Prompt
Of the lines in the material below, print only those from the one containing "Upside & Downside Betas to the S&P 500" to the one containing "What Job Does DNA Do?", ends included, exactly as written and without pictures.

Data provided
######

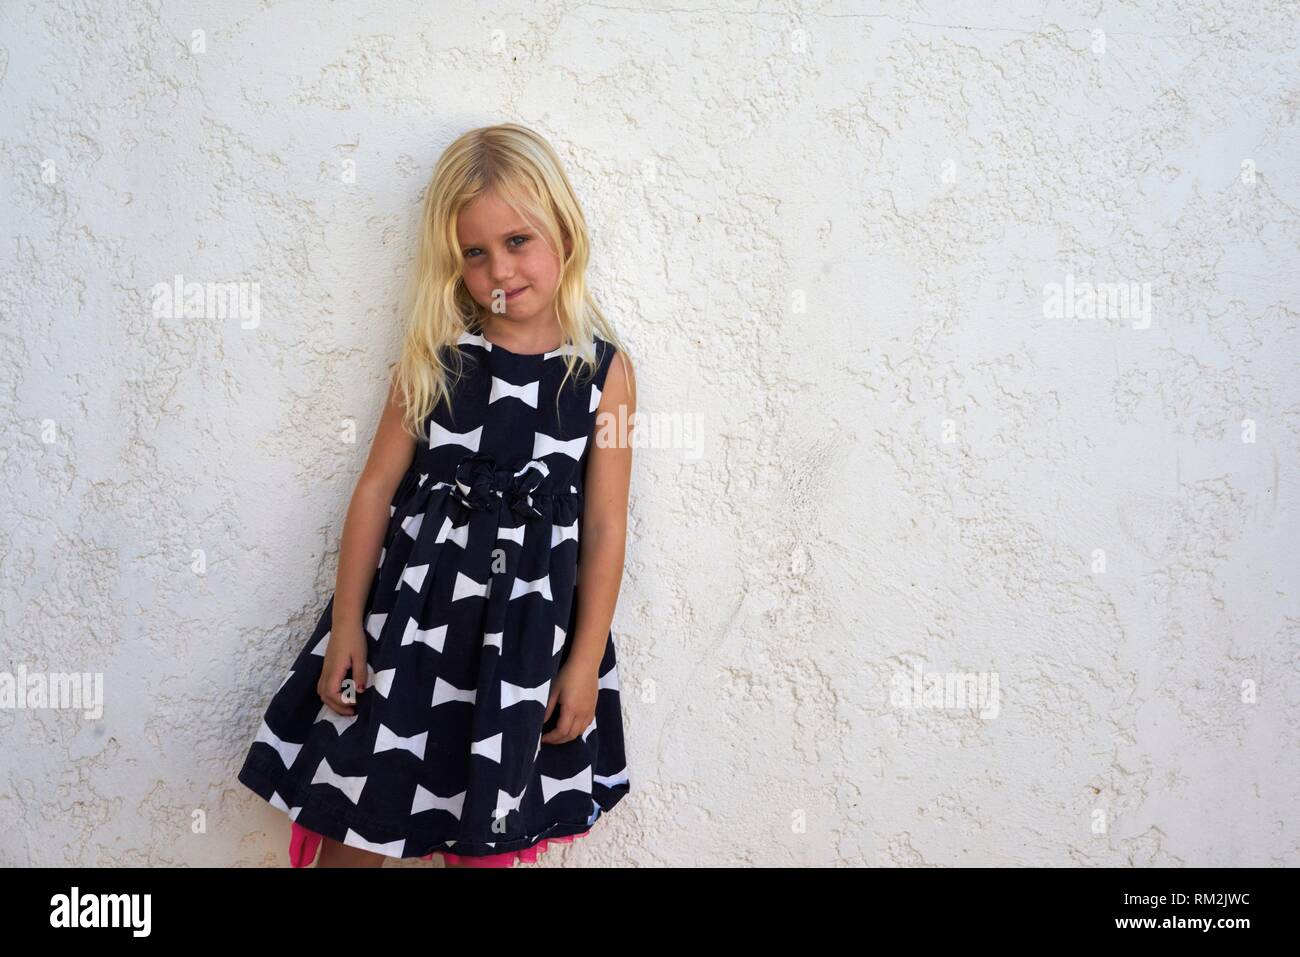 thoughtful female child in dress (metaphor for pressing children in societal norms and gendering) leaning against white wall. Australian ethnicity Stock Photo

######

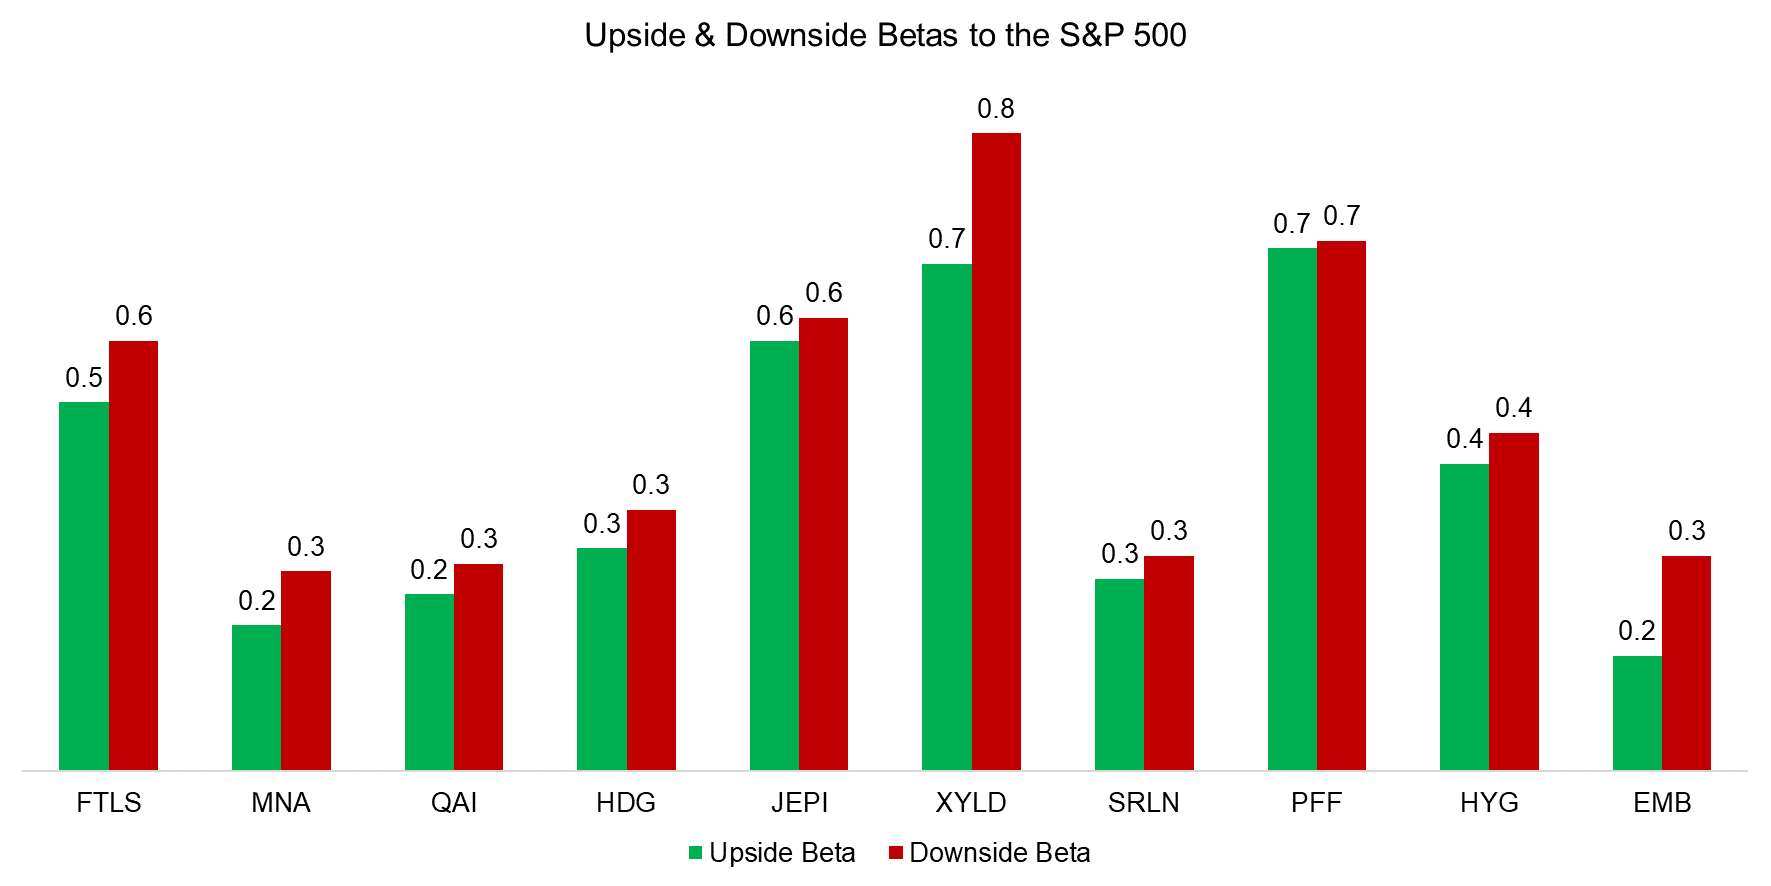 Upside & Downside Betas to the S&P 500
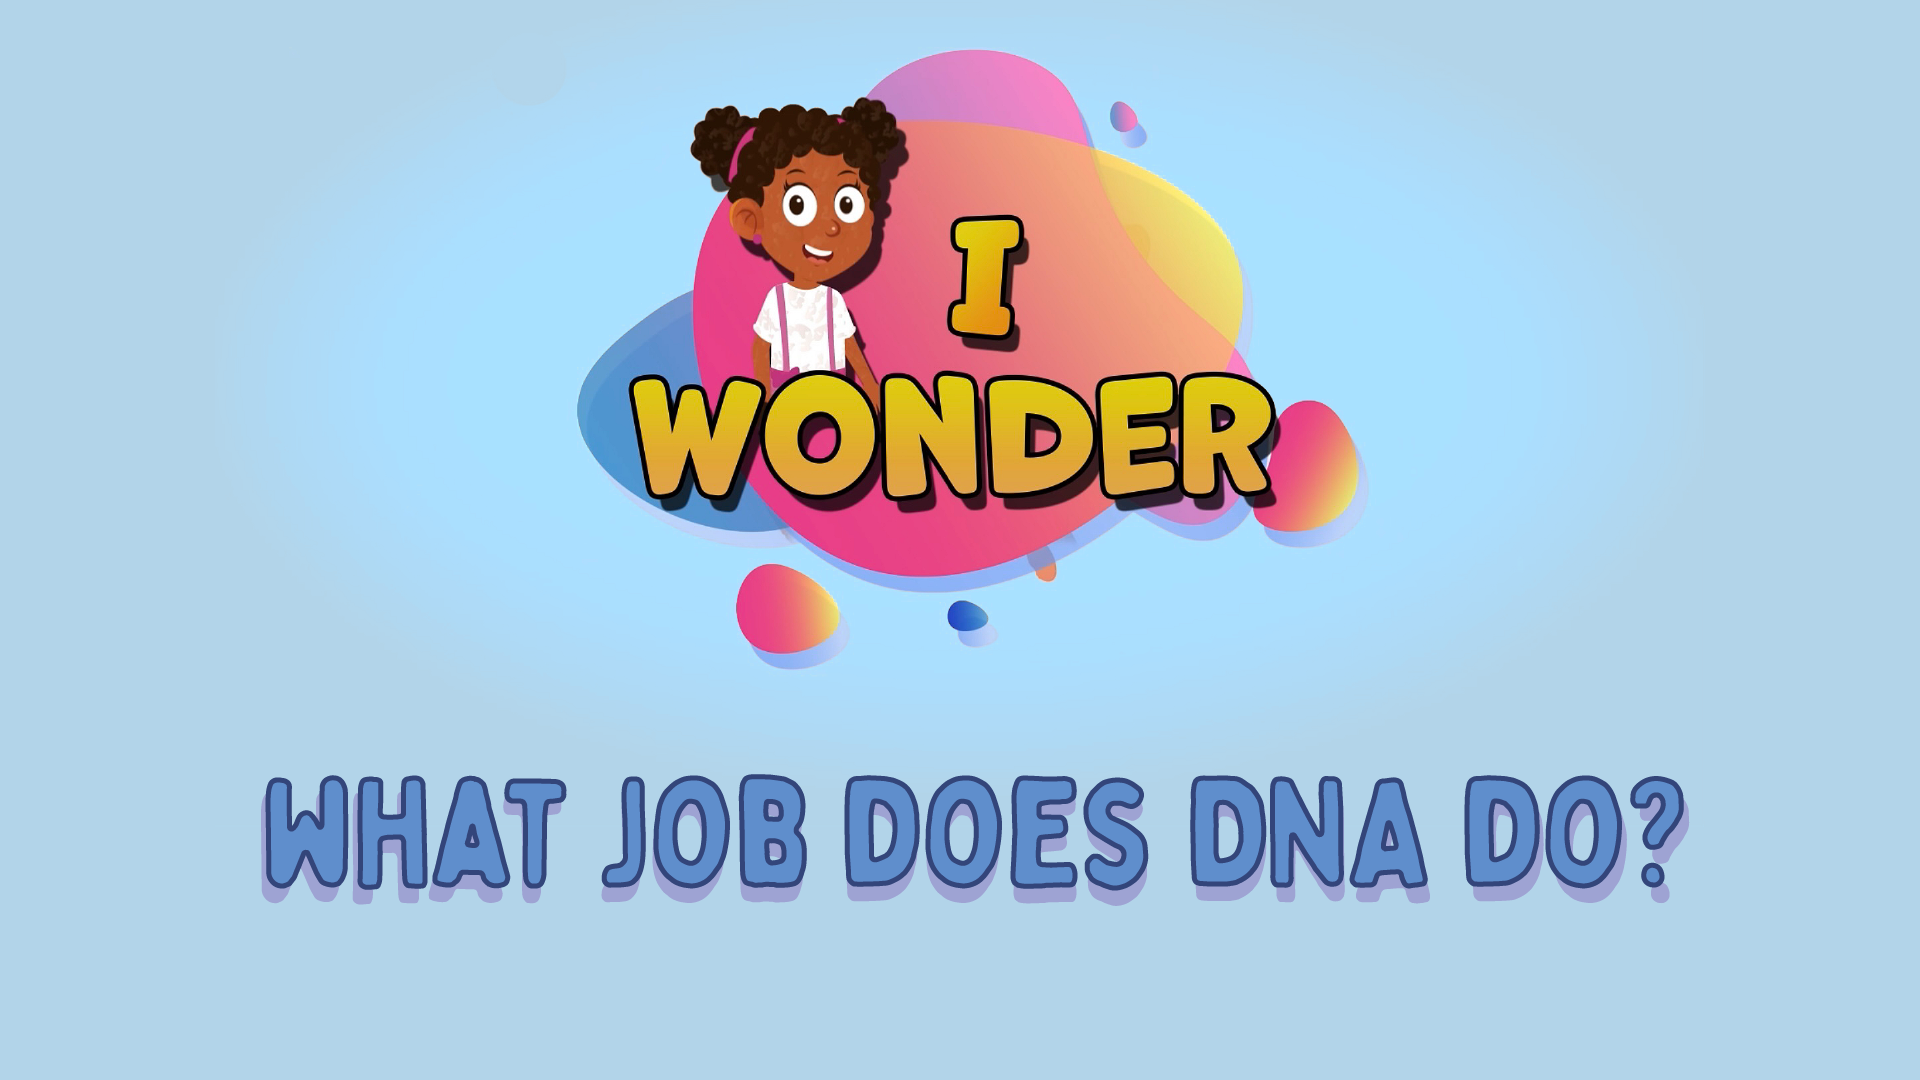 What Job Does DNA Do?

######

Output for this task
 Upside & Downside Betas to the S&P 500
 What Job Does DNA Do?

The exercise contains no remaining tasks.